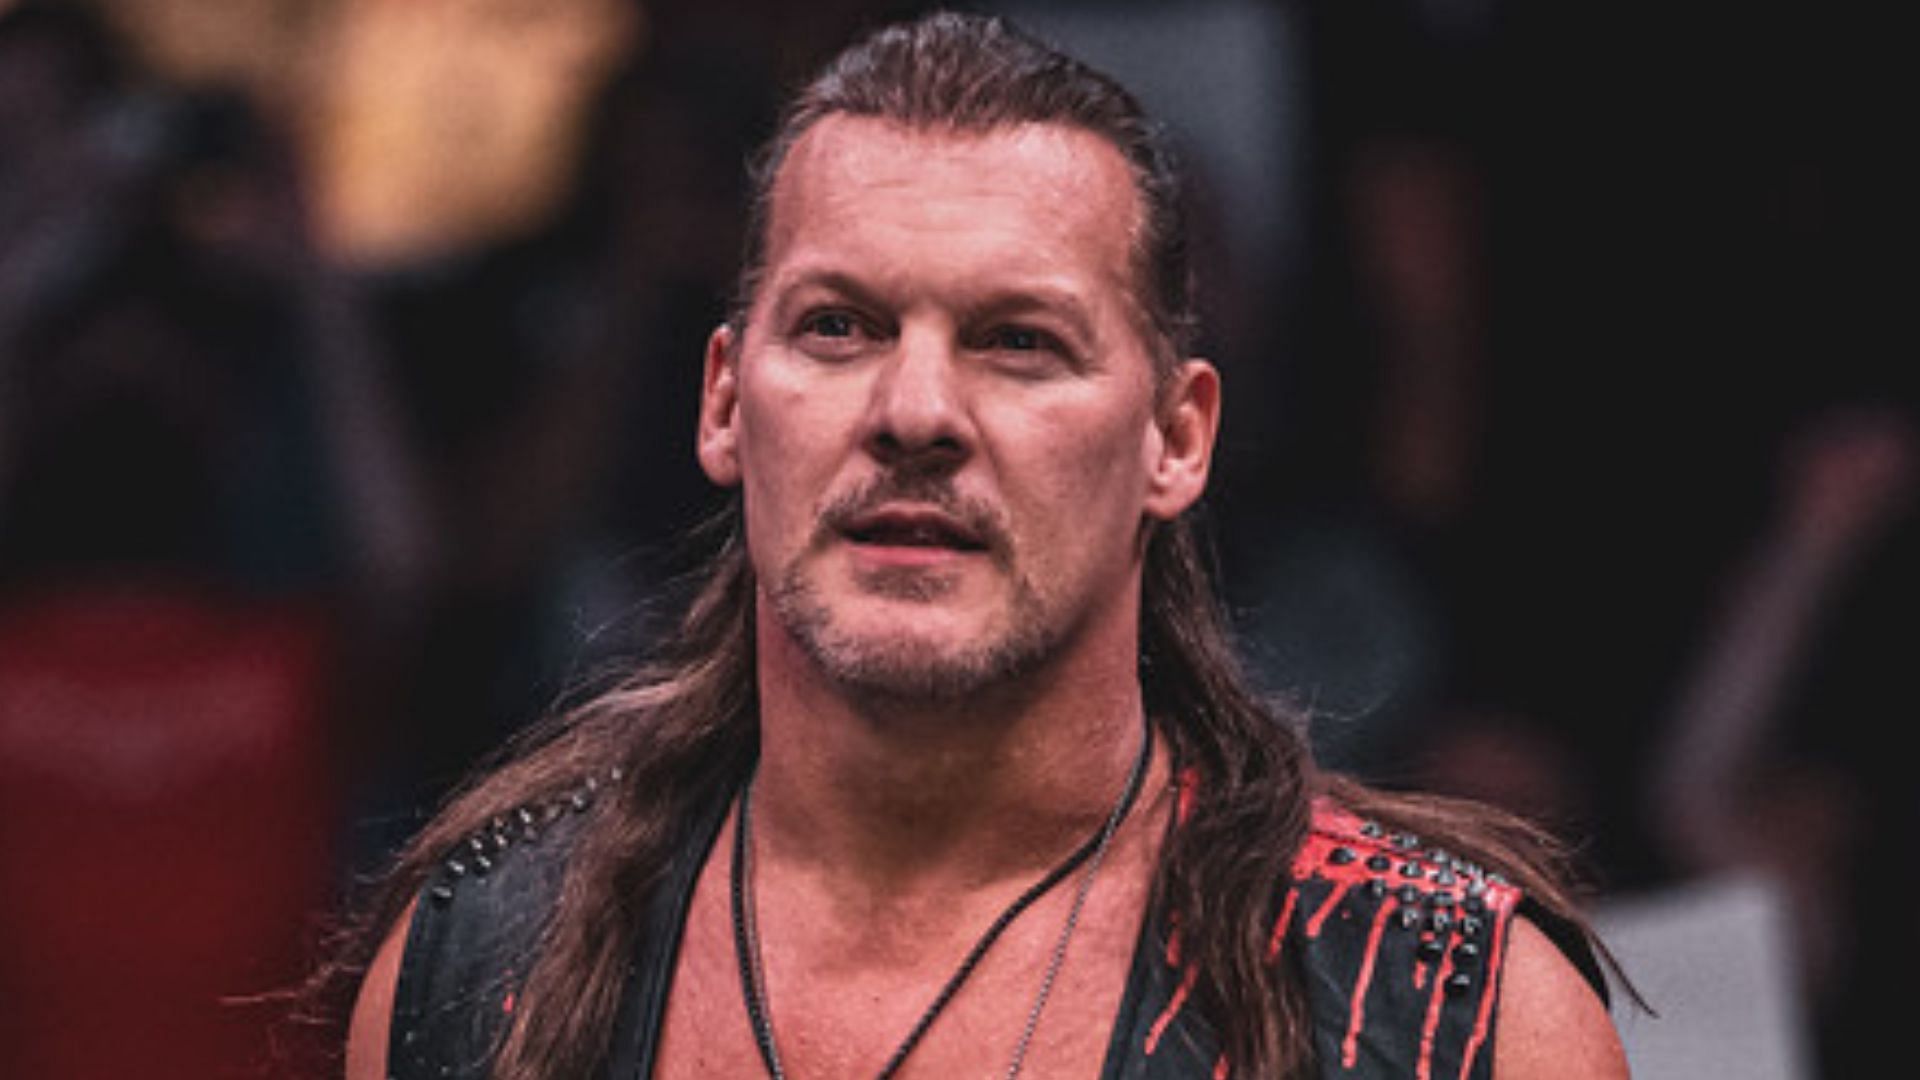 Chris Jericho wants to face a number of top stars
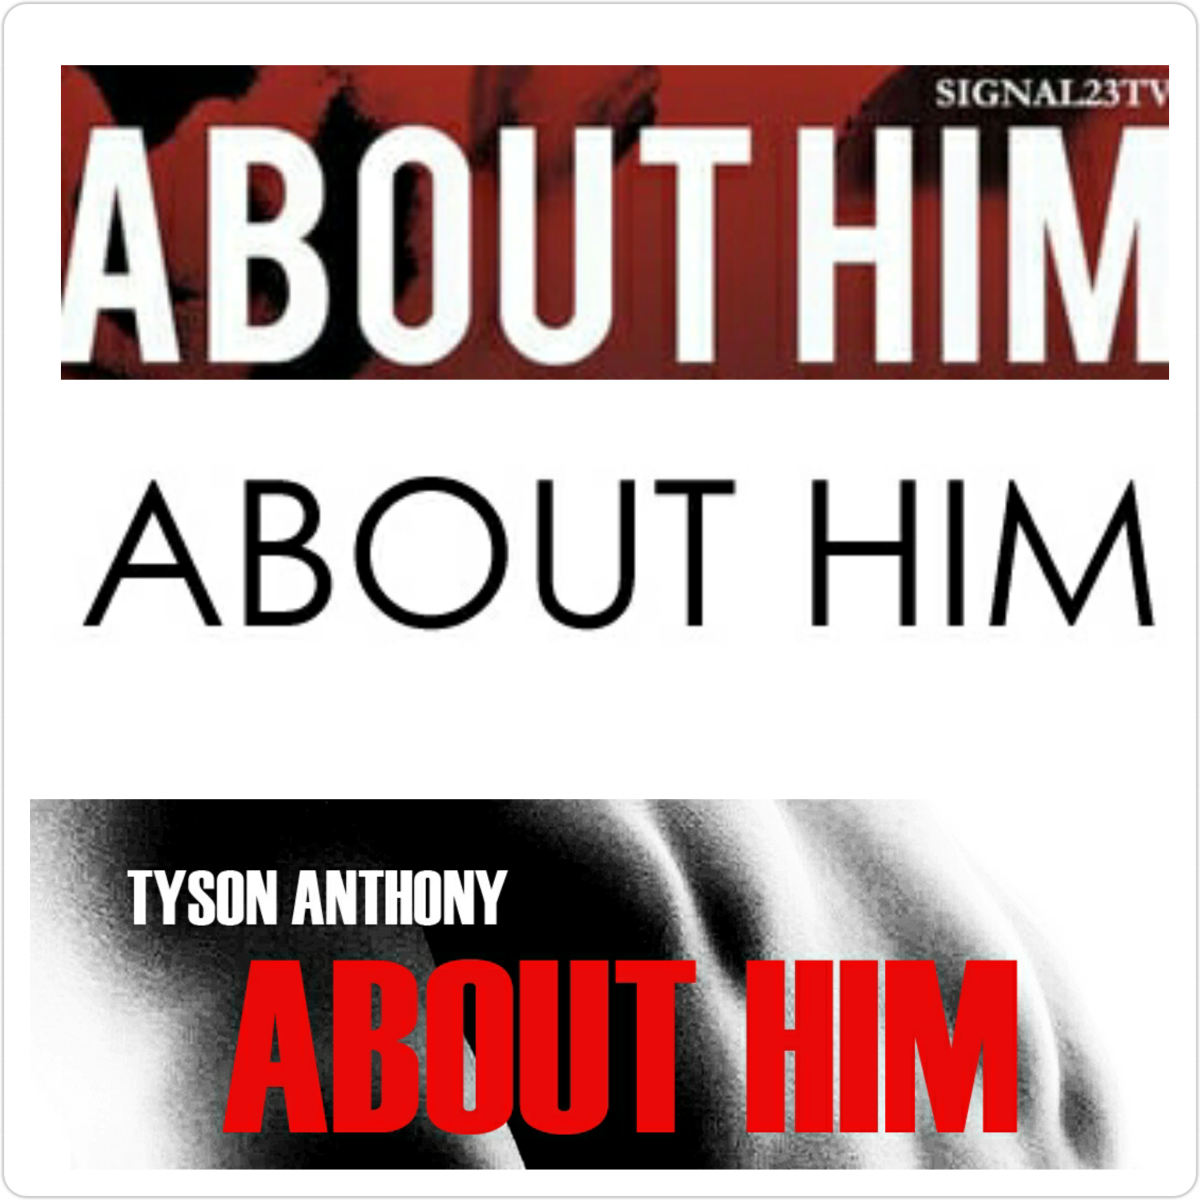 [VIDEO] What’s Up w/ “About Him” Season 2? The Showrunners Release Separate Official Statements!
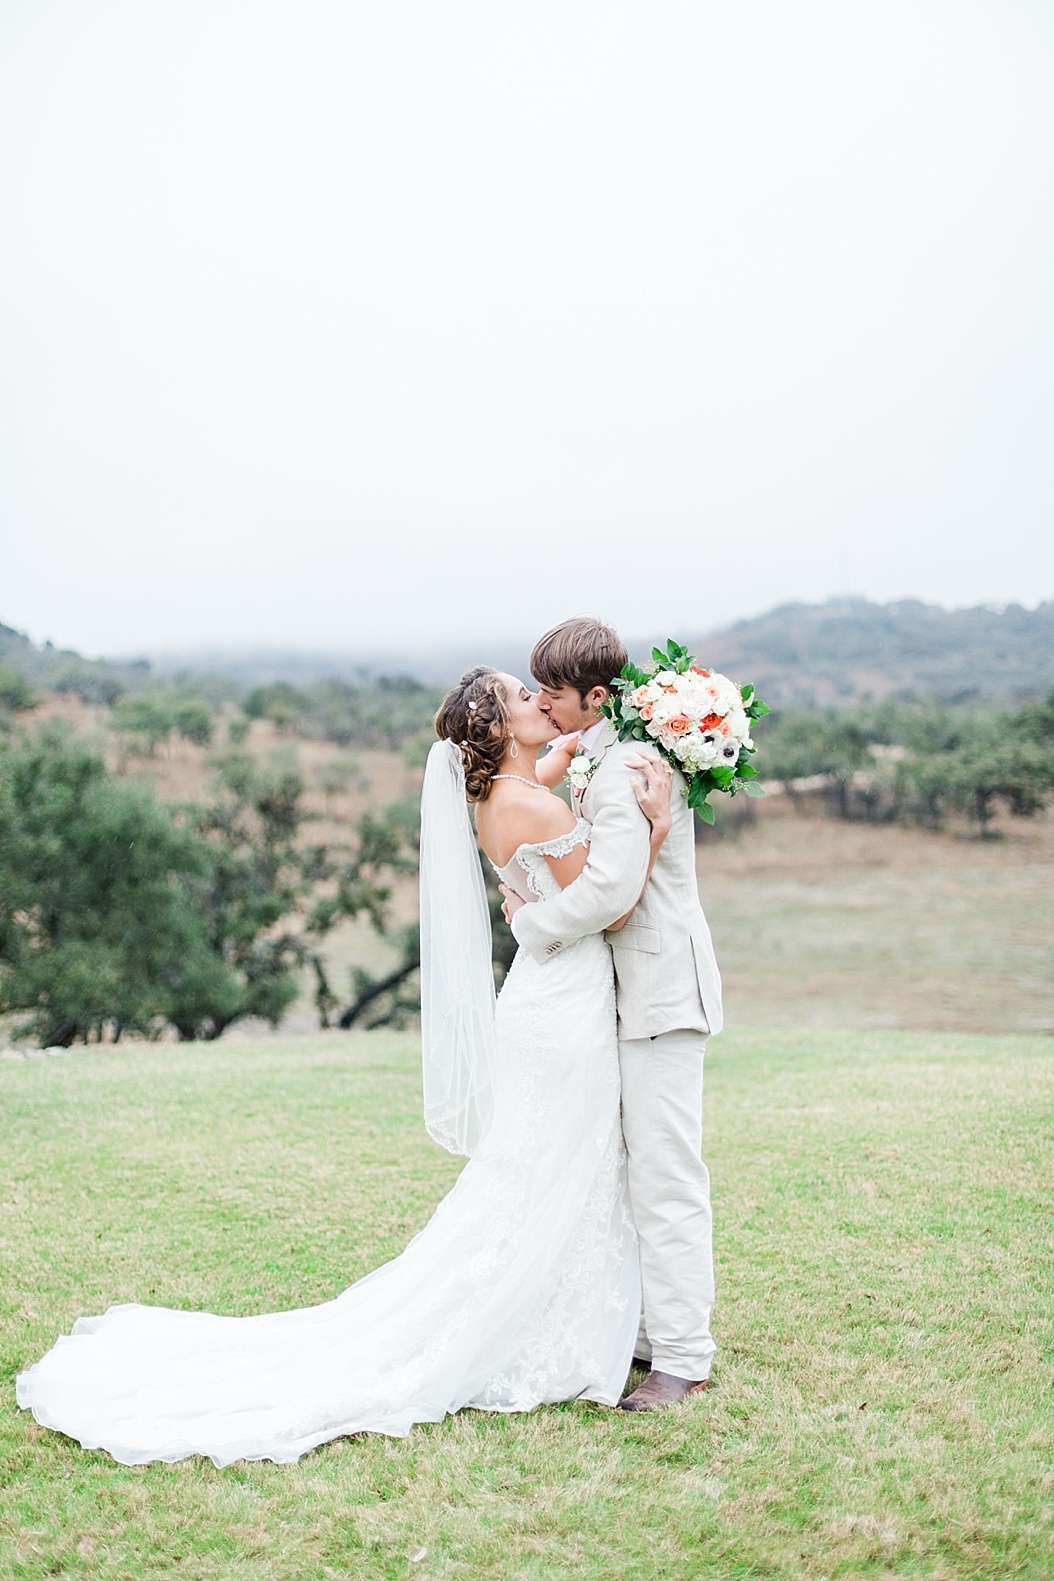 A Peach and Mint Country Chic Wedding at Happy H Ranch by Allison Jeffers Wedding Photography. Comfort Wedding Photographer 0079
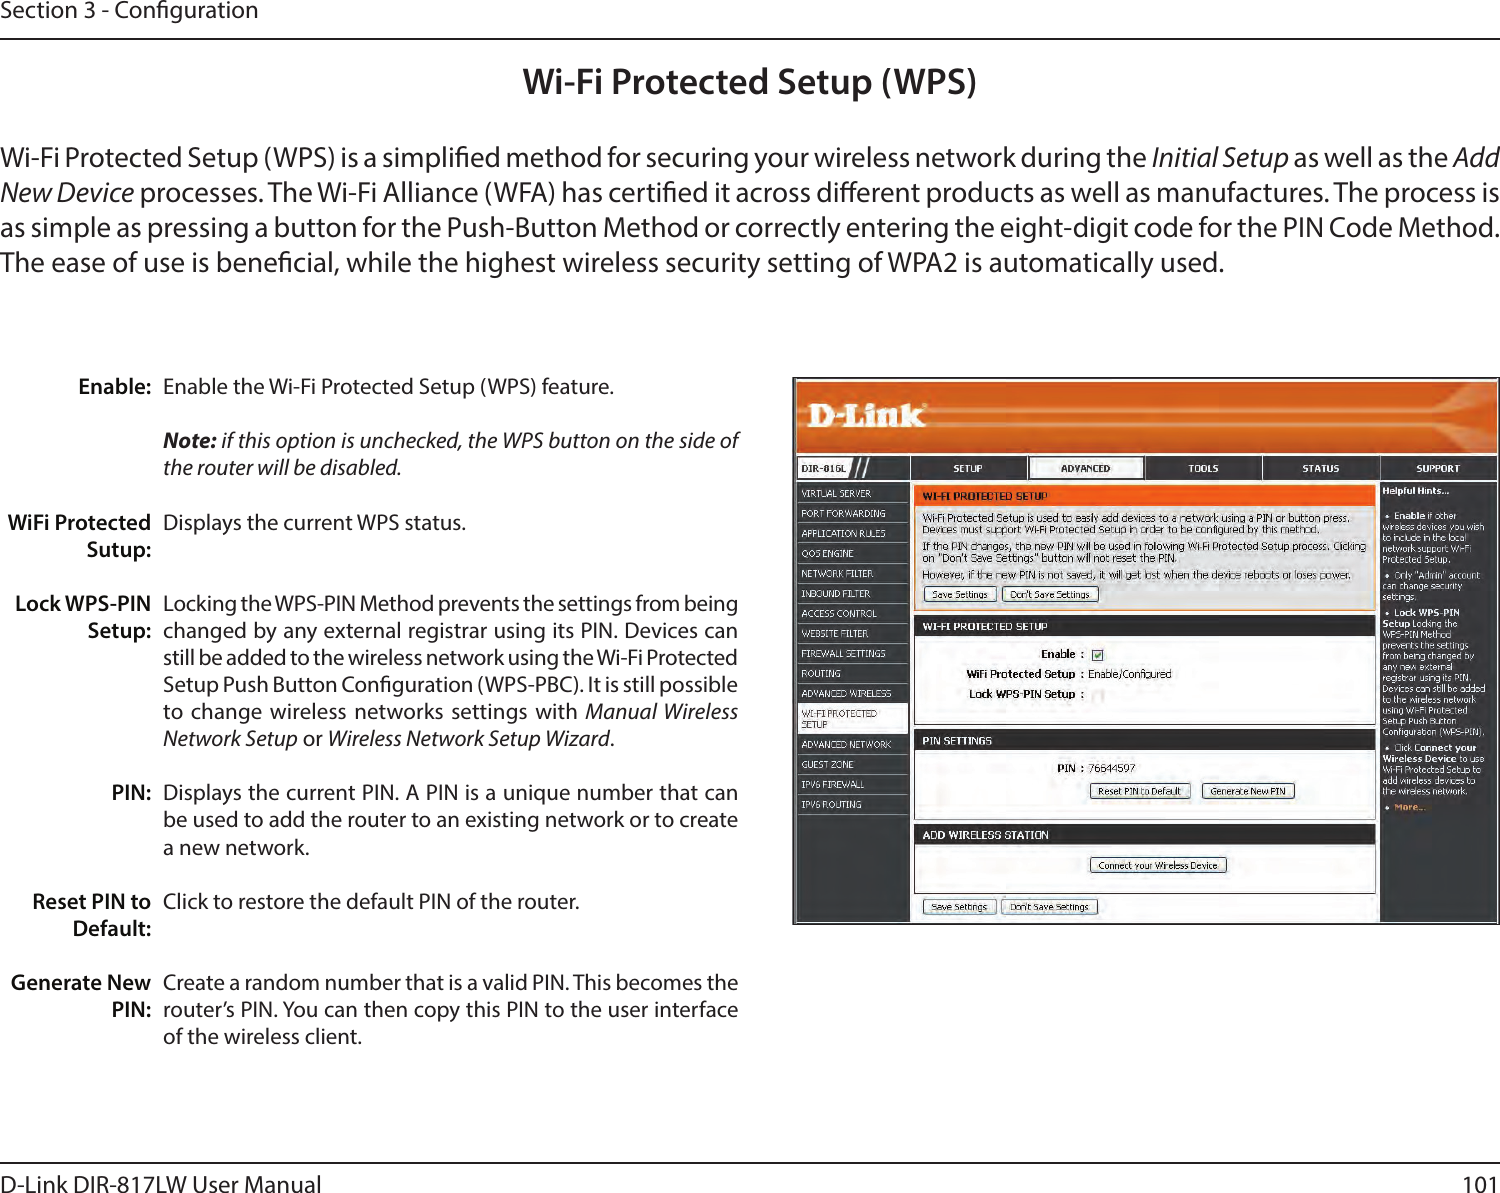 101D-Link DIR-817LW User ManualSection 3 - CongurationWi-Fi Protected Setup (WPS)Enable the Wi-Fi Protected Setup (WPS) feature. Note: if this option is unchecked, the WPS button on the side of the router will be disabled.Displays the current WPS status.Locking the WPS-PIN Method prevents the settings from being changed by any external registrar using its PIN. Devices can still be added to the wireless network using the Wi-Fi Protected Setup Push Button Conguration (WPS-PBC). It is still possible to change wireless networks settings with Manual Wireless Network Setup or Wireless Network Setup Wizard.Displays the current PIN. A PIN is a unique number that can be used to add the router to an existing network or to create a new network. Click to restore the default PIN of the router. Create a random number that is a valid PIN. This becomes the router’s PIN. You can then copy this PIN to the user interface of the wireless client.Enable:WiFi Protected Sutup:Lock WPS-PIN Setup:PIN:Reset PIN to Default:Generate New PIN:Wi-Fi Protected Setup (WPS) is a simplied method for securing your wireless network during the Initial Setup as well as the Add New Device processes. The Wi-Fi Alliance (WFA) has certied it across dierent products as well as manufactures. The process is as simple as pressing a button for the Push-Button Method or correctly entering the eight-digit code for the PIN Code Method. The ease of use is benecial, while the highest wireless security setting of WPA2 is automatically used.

******************************

**EXERCISE AIM**
Output exactly the span of lines from the top of the listing through the line holding "[VIDEO] What’s Up", and leave every picture out.

**RESULT**
 Chris Jericho wants to face a number of top stars
 [VIDEO] What’s Up w/ “About Him” Season 2? The Showrunners Release Separate Official Statements!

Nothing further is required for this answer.